| About this task |
Given the listing below, write out exactly the lines starting with the line that has "Let's Summon Demons" and going on through the line that has "Kylie Jenner Big", both kept.

(Beginning of Available records)

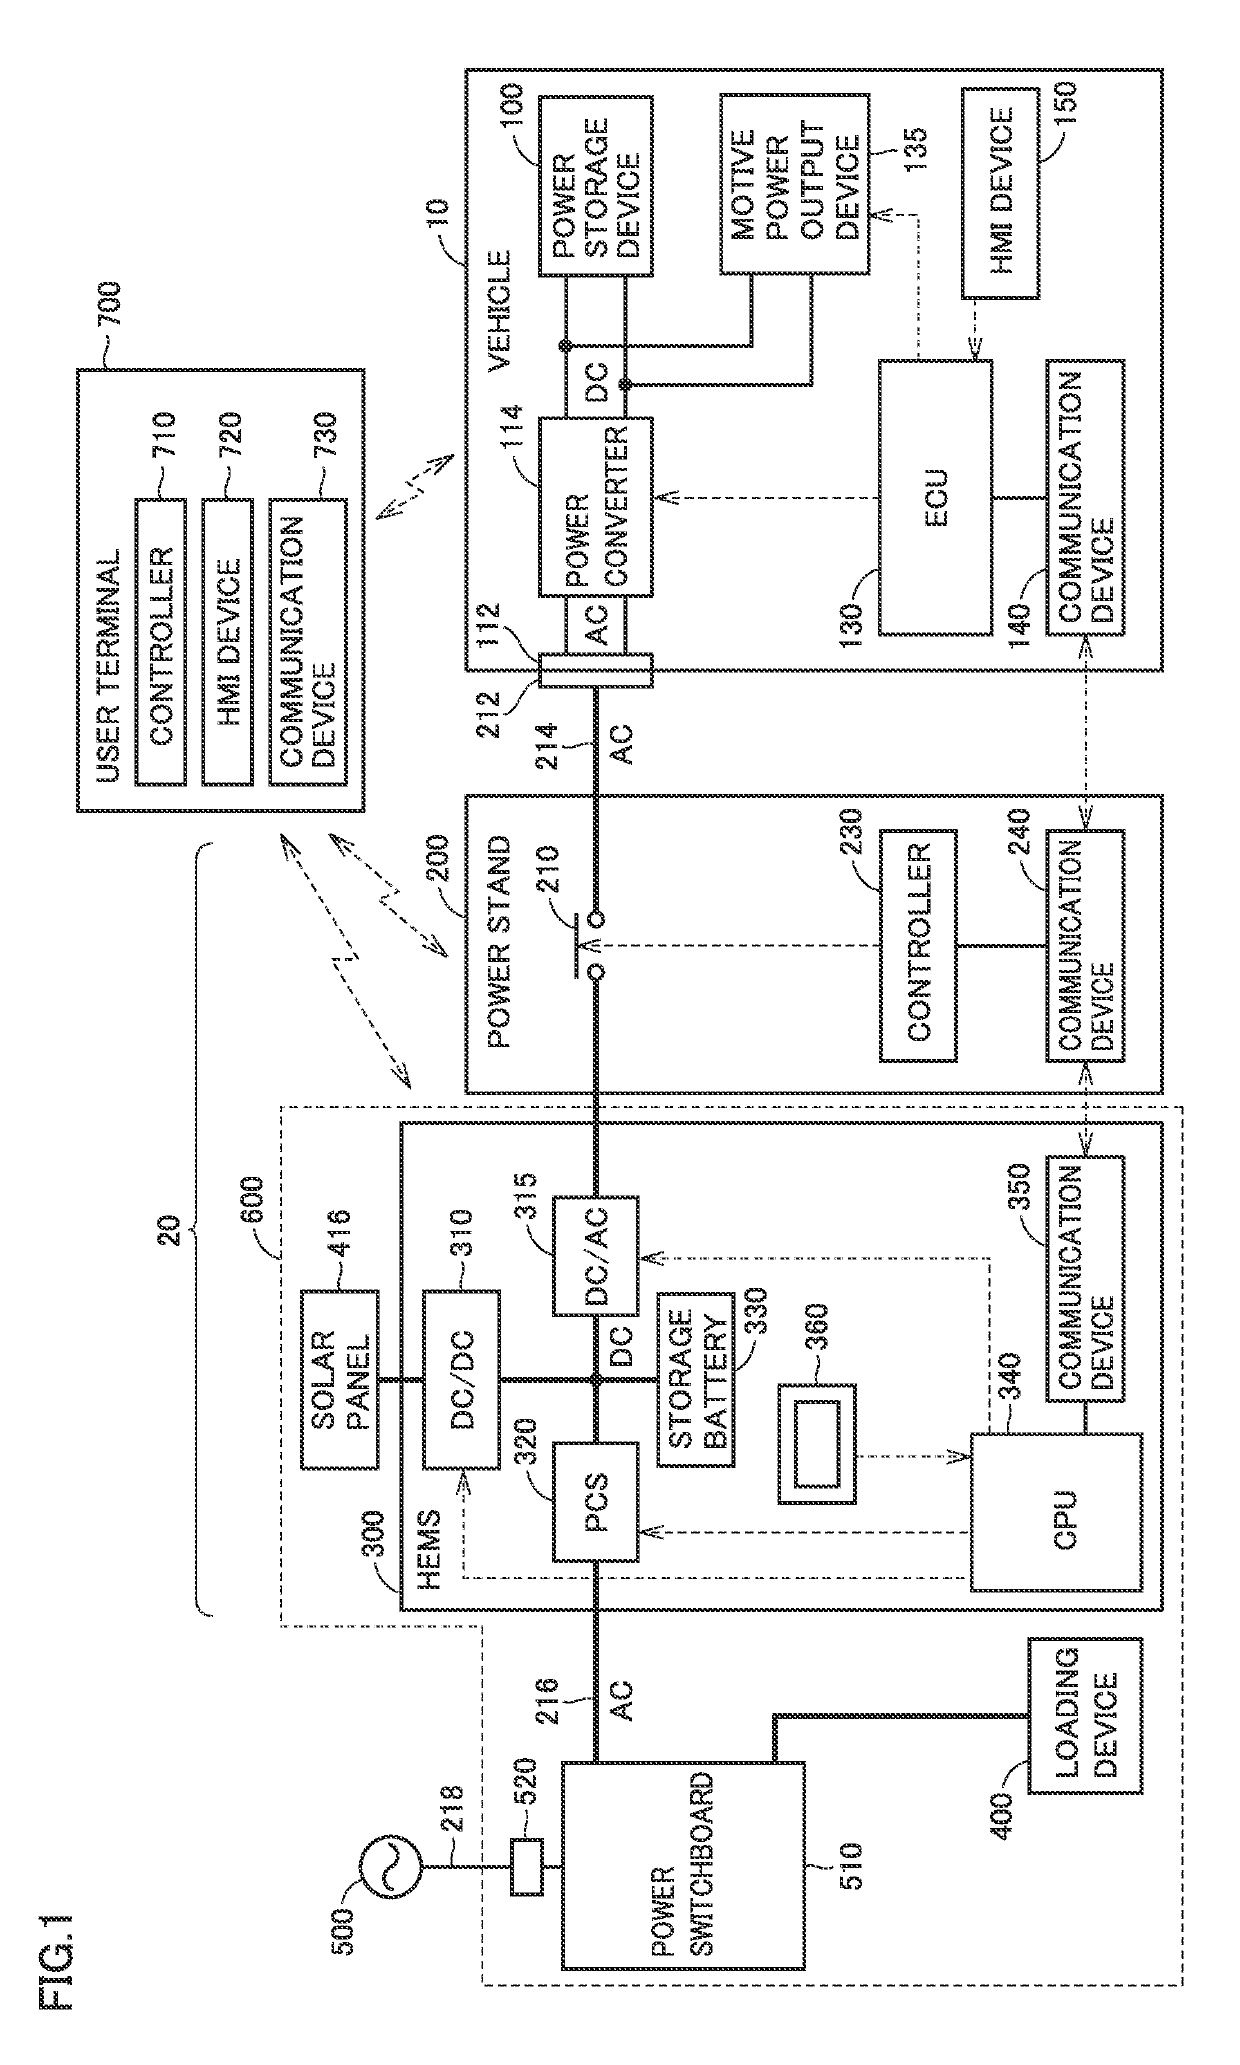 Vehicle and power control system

(End of Available records)
(Beginning of Available records)

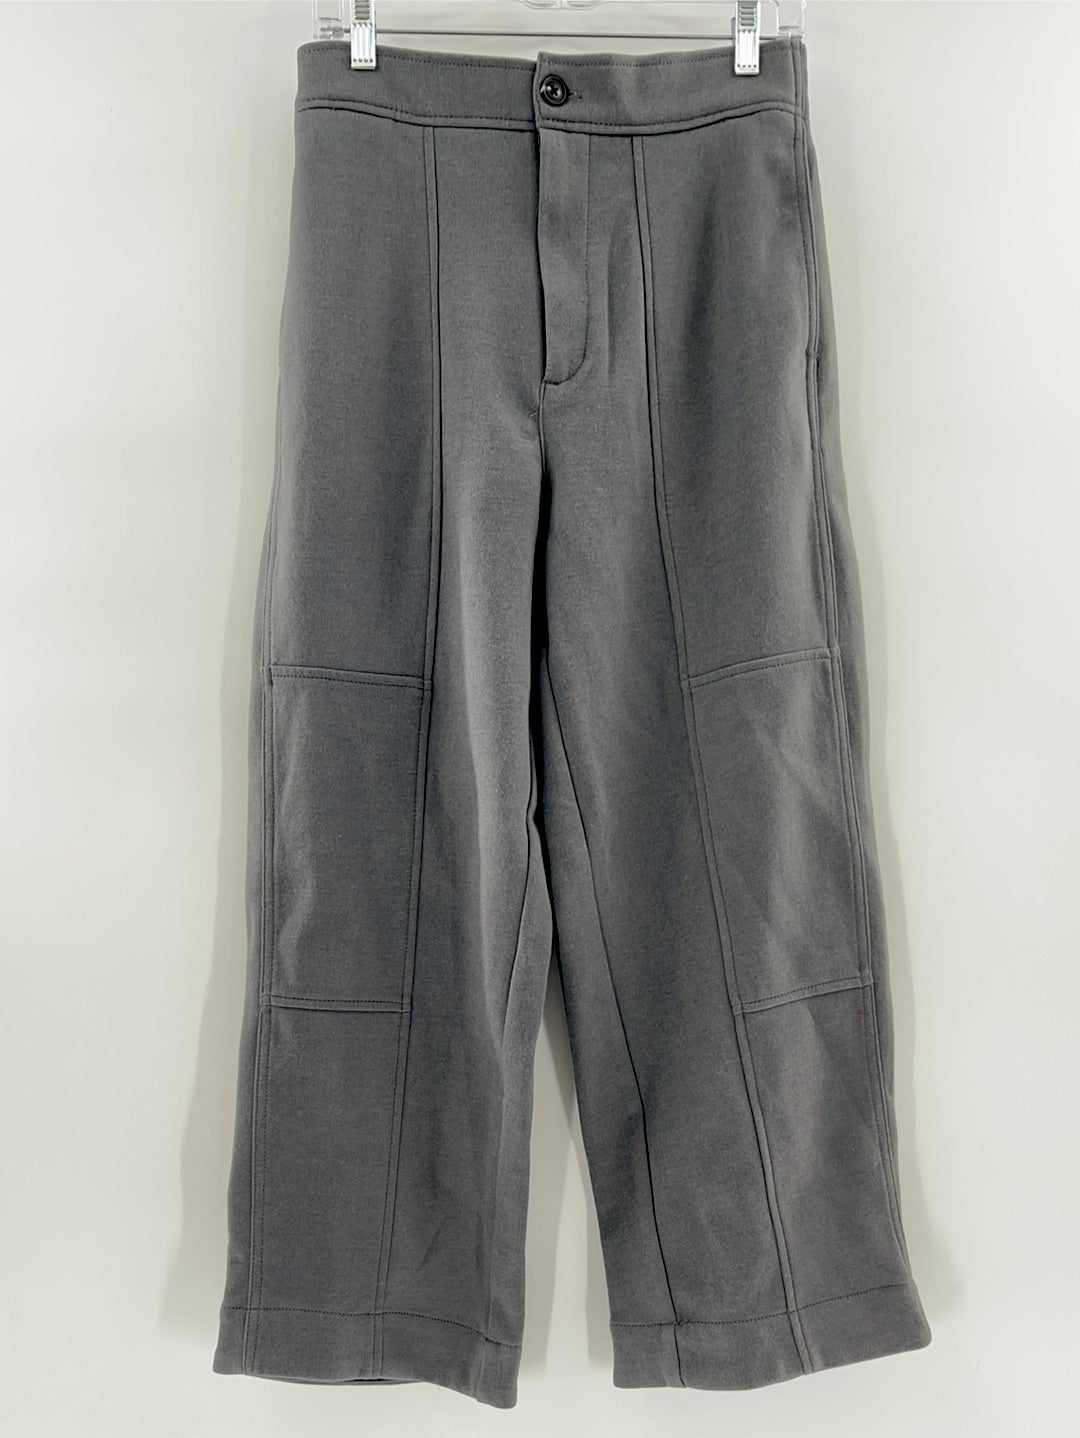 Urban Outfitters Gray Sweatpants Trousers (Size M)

(End of Available records)
(Beginning of Available records)

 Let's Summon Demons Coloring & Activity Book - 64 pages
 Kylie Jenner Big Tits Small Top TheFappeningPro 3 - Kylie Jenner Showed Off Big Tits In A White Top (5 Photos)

(End of Available records)

| Answer space |
 Let's Summon Demons Coloring & Activity Book - 64 pages
 Kylie Jenner Big Tits Small Top TheFappeningPro 3 - Kylie Jenner Showed Off Big Tits In A White Top (5 Photos)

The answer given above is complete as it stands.